Although the Joint Arbitration Committee approved the operational consolidation of Auto Convoy and Motor Convoy into Allied Systems and the elimination of the Auto Convoy rider, the Joint Arbitration Committee directed Allied Systems to conduct a final bid among all former drivers to designate their domicile terminal. The Joint Arbitration Committee retained jurisdiction over the final bid for two purposes: (1) to ascertain whether its implementation would cause any hardship to the Allied Systems, the local union, or the drivers; and (2) to correct such hardship if found.

Allied implemented the company-wide bid for Auto Convoy drivers from October 2-4, 1989. Of the approximately 460 Auto Convoy drivers who participated in the bid, all except 47 were able to exercise their seniority to obtain a position at their present domicile. Appellants will not be required to move from their present domicile as a result of the bid.

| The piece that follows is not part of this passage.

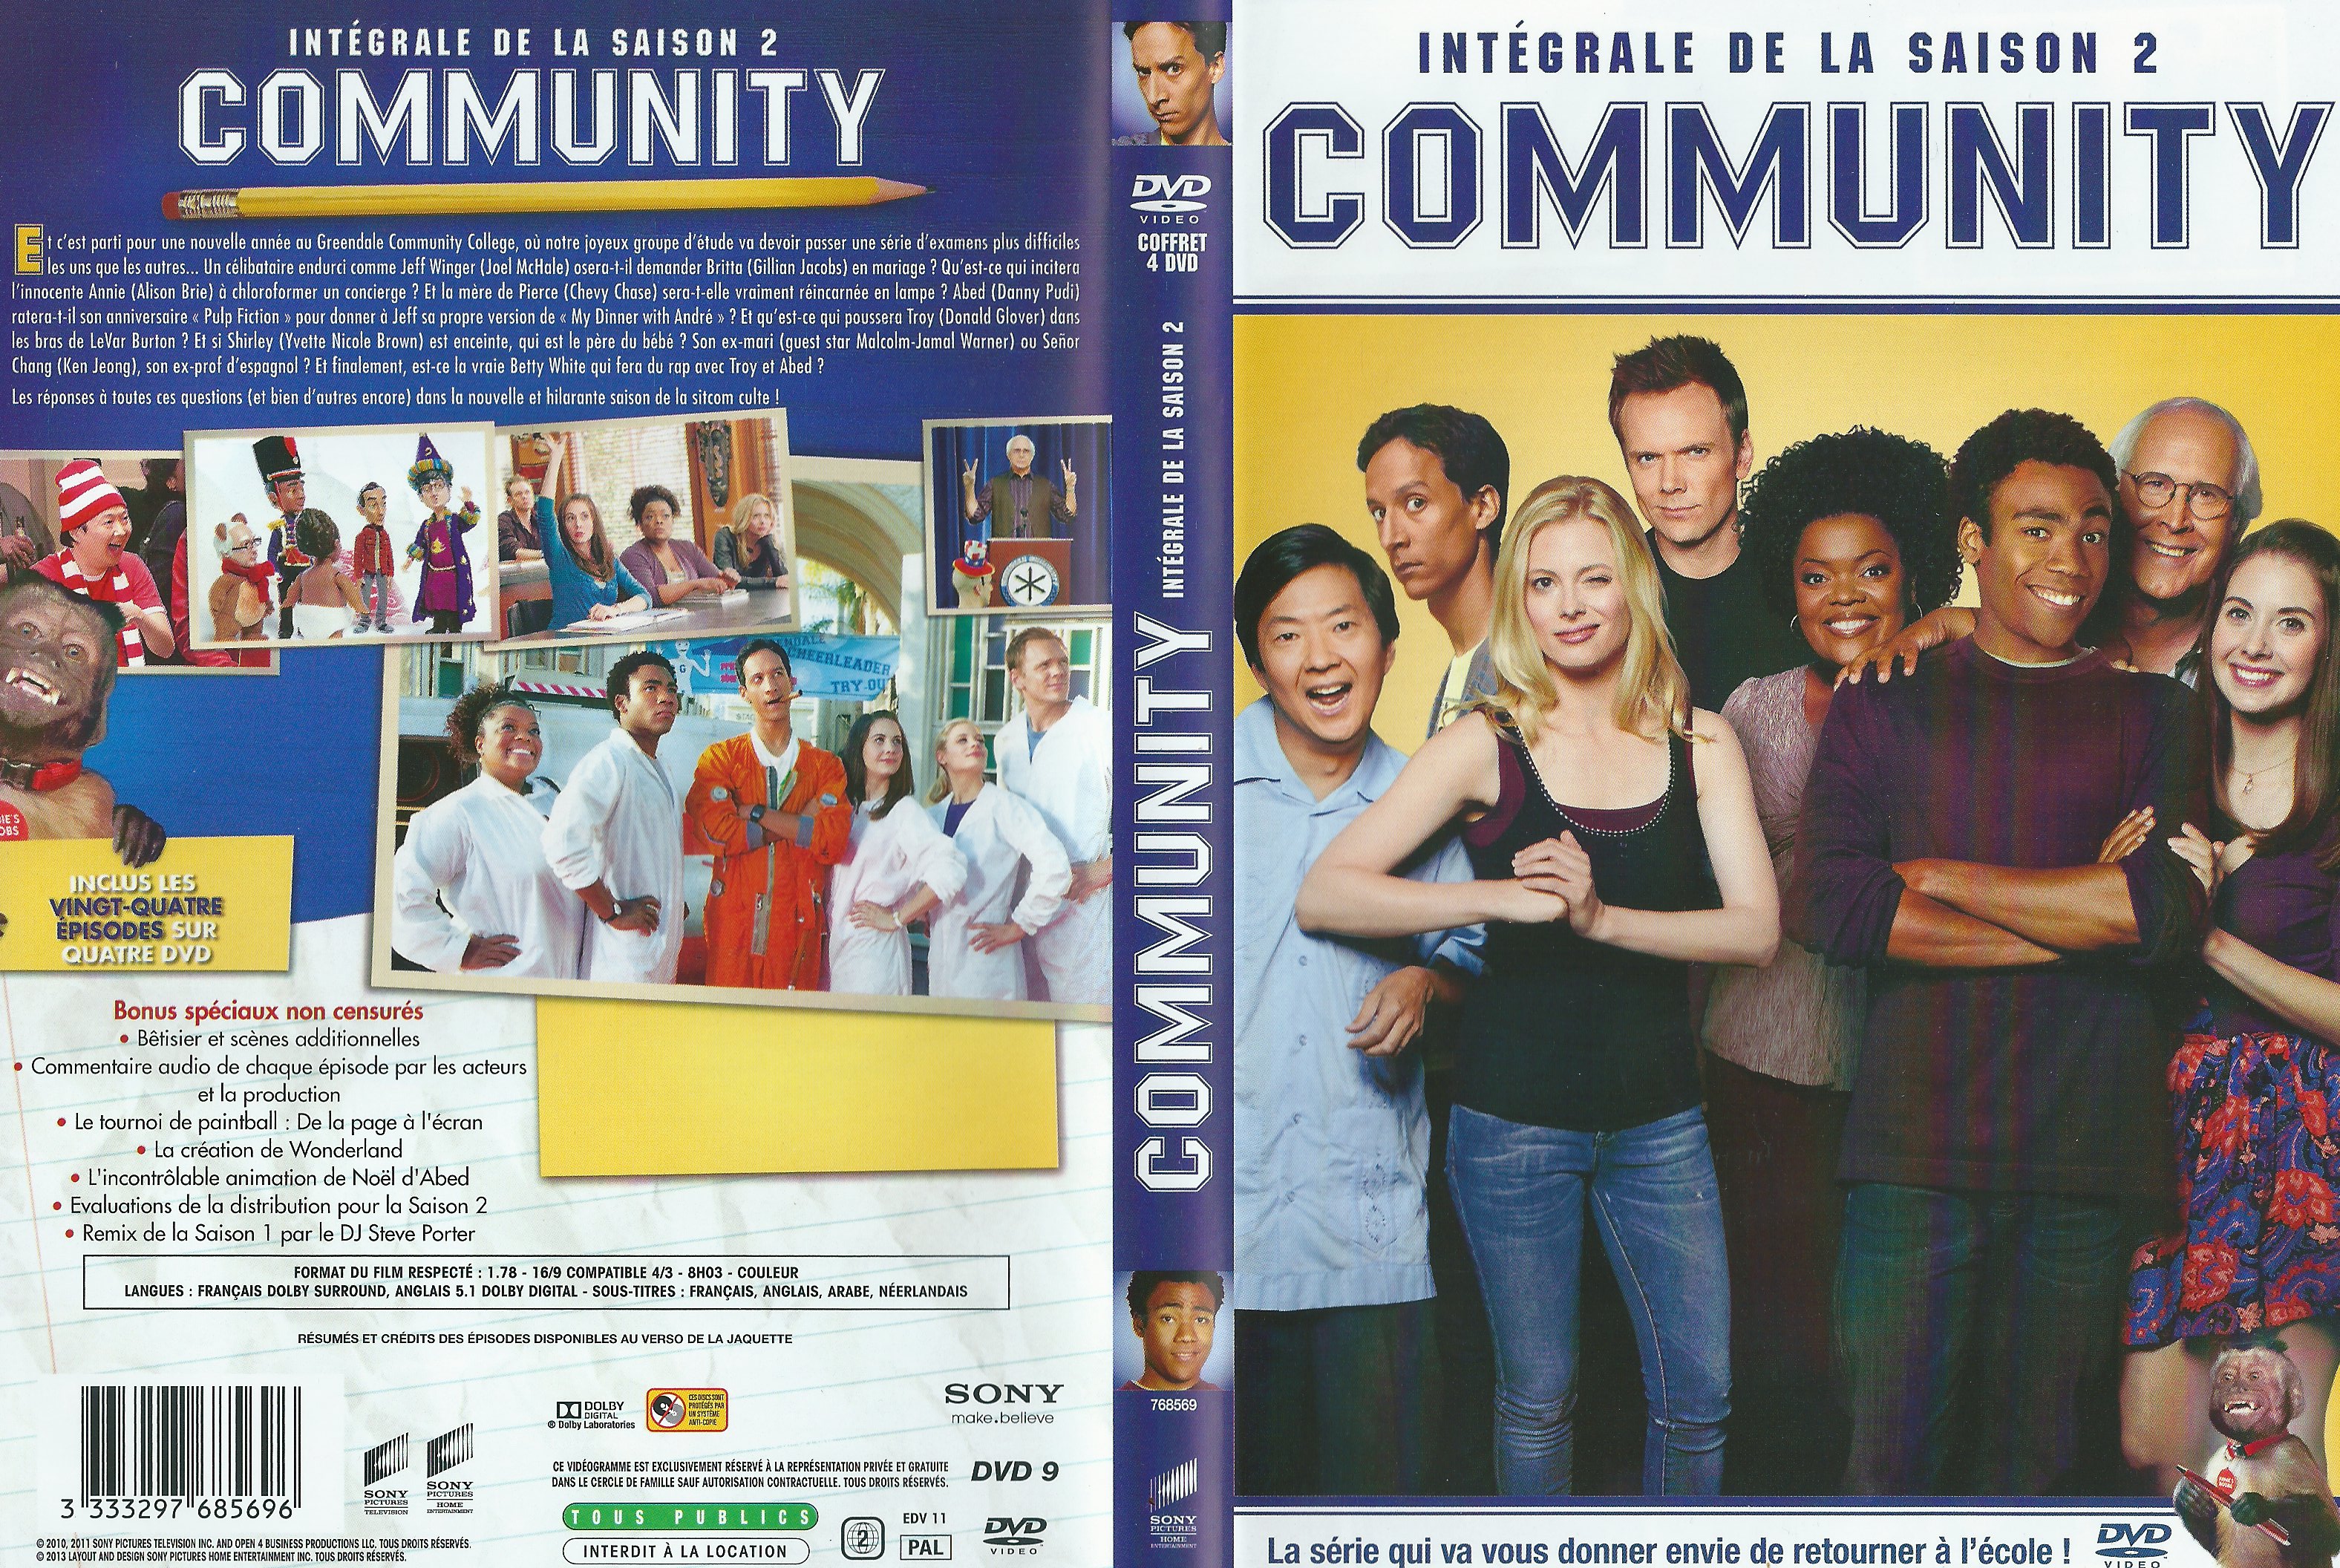 Jaquette DVD Community Saison 2 COFFRET
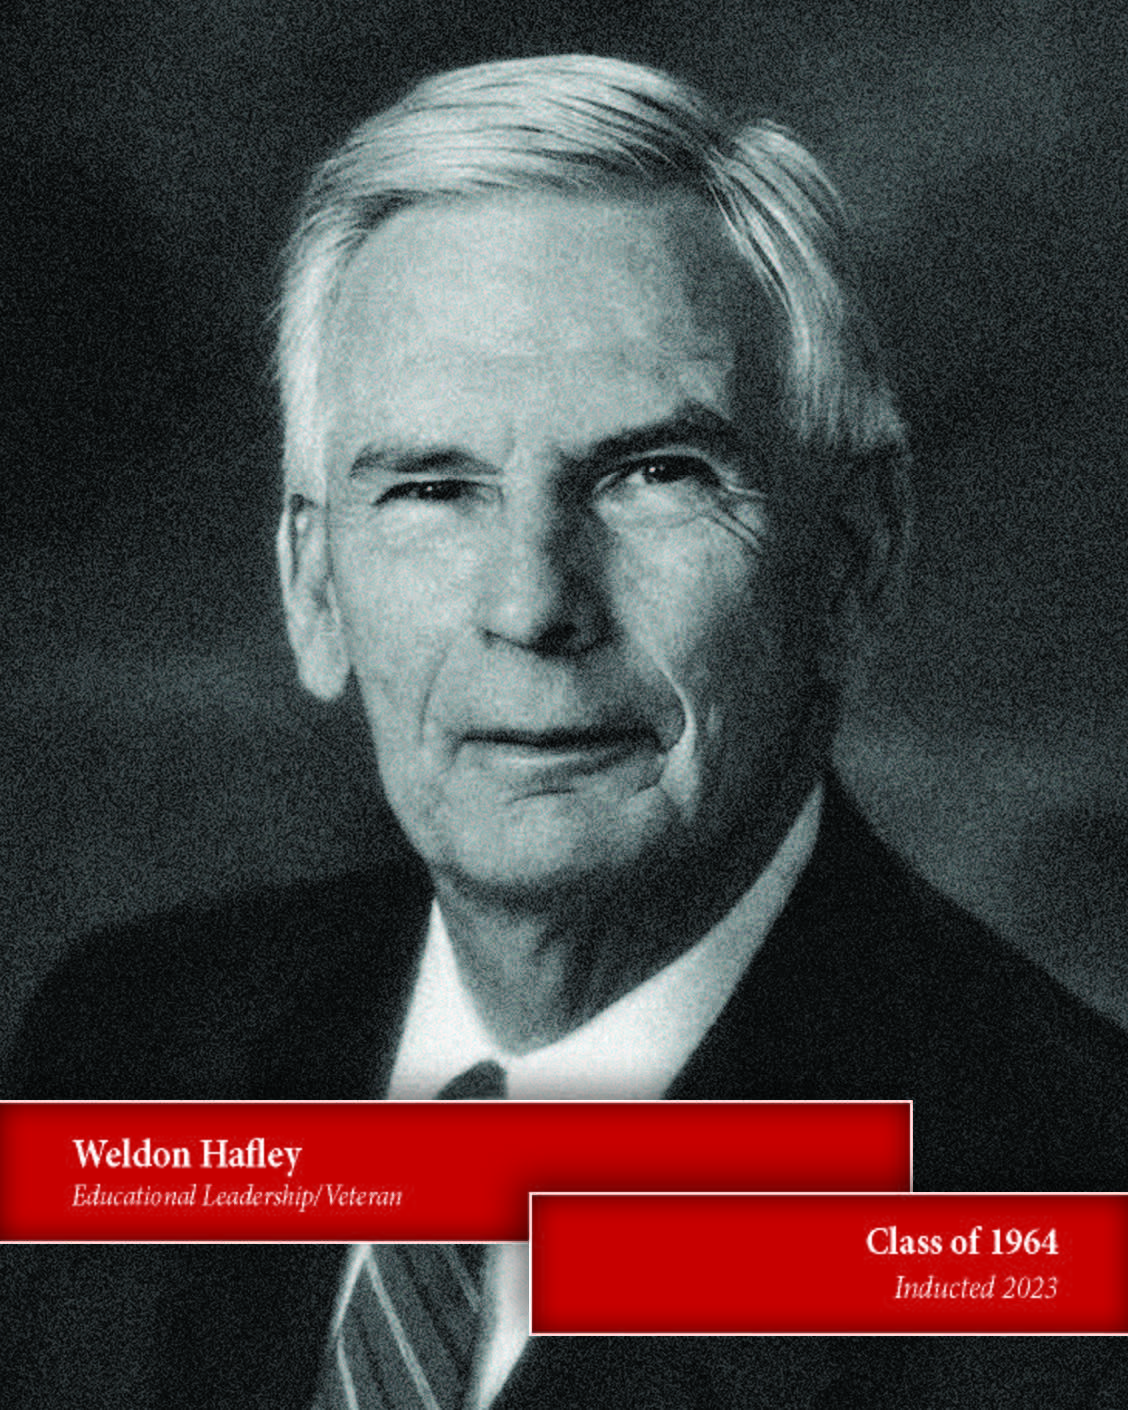 Weldon Hafley, '64

On October 4, 1989, appellants filed a complaint against Allied Systems and the IBT alleging violations of Section 101 of the Labor Management Reporting and Disclosure Act of 1959 ("LMRDA"), 29 U.S.C. Sec. 411 et seq., and Section 301 of the Labor Management Relations Act ("LMRA"), 29 U.S.C. Sec. 185 et seq. Appellants claimed that Allied Systems and the IBT "intentionally conspired" to violate appellants' LMRDA rights when the Joint Arbitration Committee approved the consolidation of Auto Convoy and Motor Convoy and the cancellation of the Auto Convoy rider.2 In addition to filing their complaint, appellants requested a temporary restraining order ("TRO") to enjoin implementation of the Joint Arbitration Committee's decision approving the consolidation.

On October 5, 1989, during a telephone conference with counsel for all parties, the district court denied appellants' request for a TRO. Appellants then filed an emergency motion for an injunction pending appeal with this Court. On October 16, 1989, this Court dismissed appellants' appeal on jurisdictional grounds, ruling that an appeal from an order denying a TRO is not immediately appealable. See Colson, et al. v. Allied Systems, Ltd., et al., No. 89-6264 (6th Cir., Oct. 16, 1989) (order dismissing appeal of district court's order denying plaintiffs' motion for TRO).